▶

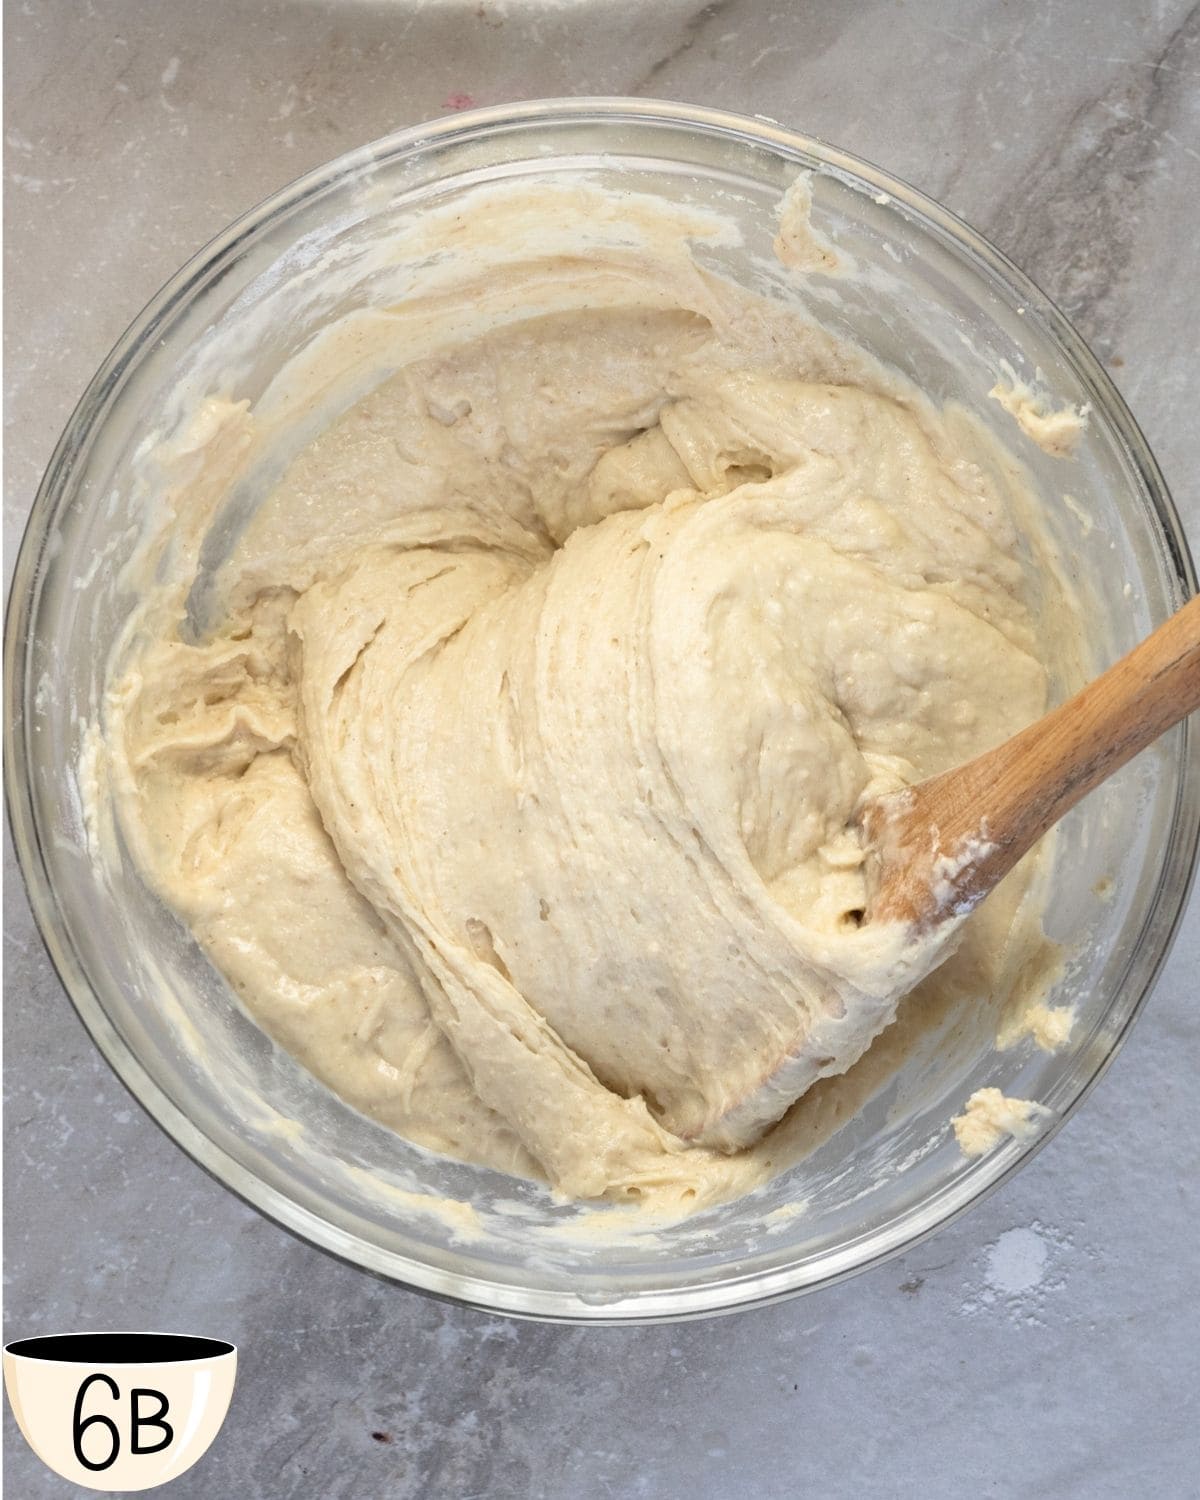 The gluten-free muffin batter fully mixed and rested to show the consistency of the batter and that it is ready for the addition of chocolate chips, with the wooden spoon resting in the bowl.
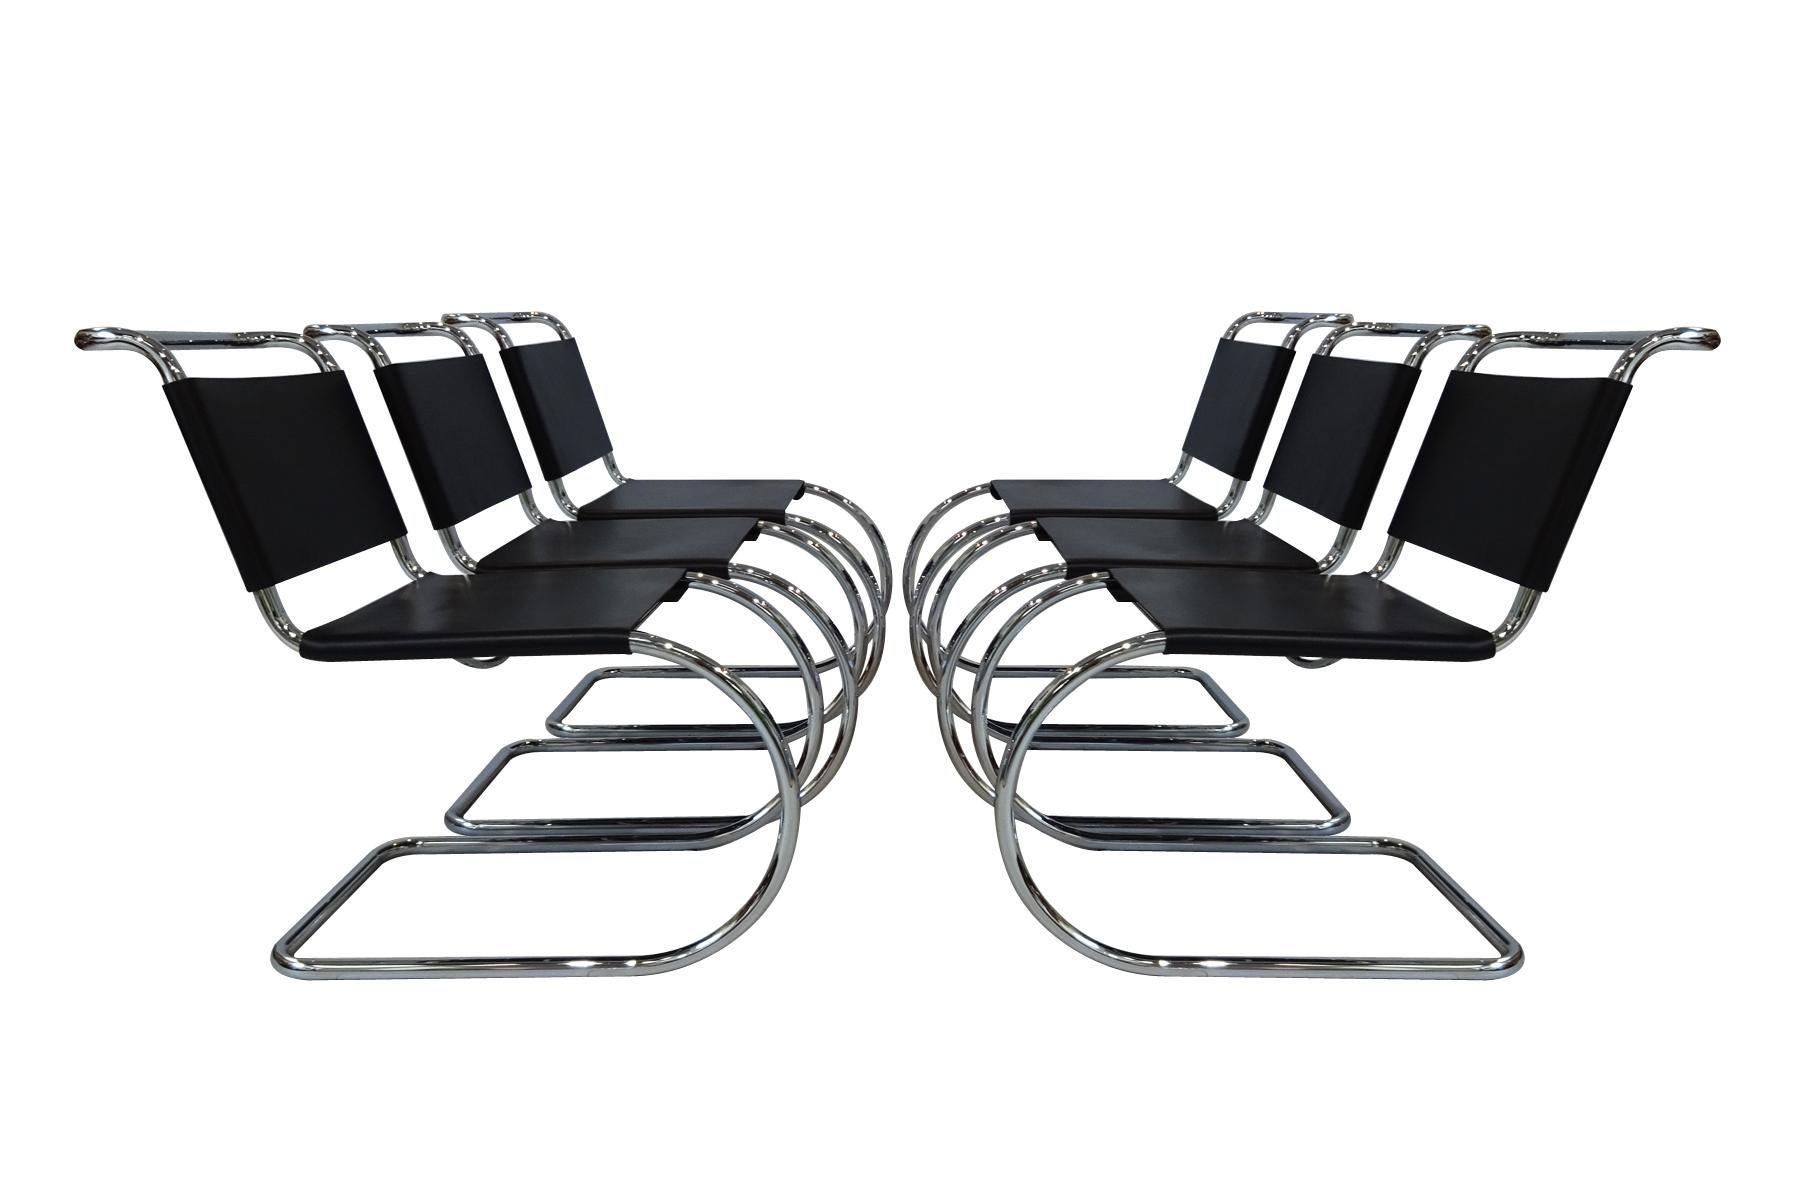 A superb set of 6 black leather and chrome lace back Mies van der Rohe MR10 cantilever chairs produced by Knoll International.

 

These chairs are a design icon being one of the very first cantilever design chairs ever designed by van der Rohe.

◀

What to do. Each line above should be written out again unchanged; no images are to be carried over.

Response.
 The gluten-free muffin batter fully mixed and rested to show the consistency of the batter and that it is ready for the addition of chocolate chips, with the wooden spoon resting in the bowl.
 A superb set of 6 black leather and chrome lace back Mies van der Rohe MR10 cantilever chairs produced by Knoll International.

 

These chairs are a design icon being one of the very first cantilever design chairs ever designed by van der Rohe.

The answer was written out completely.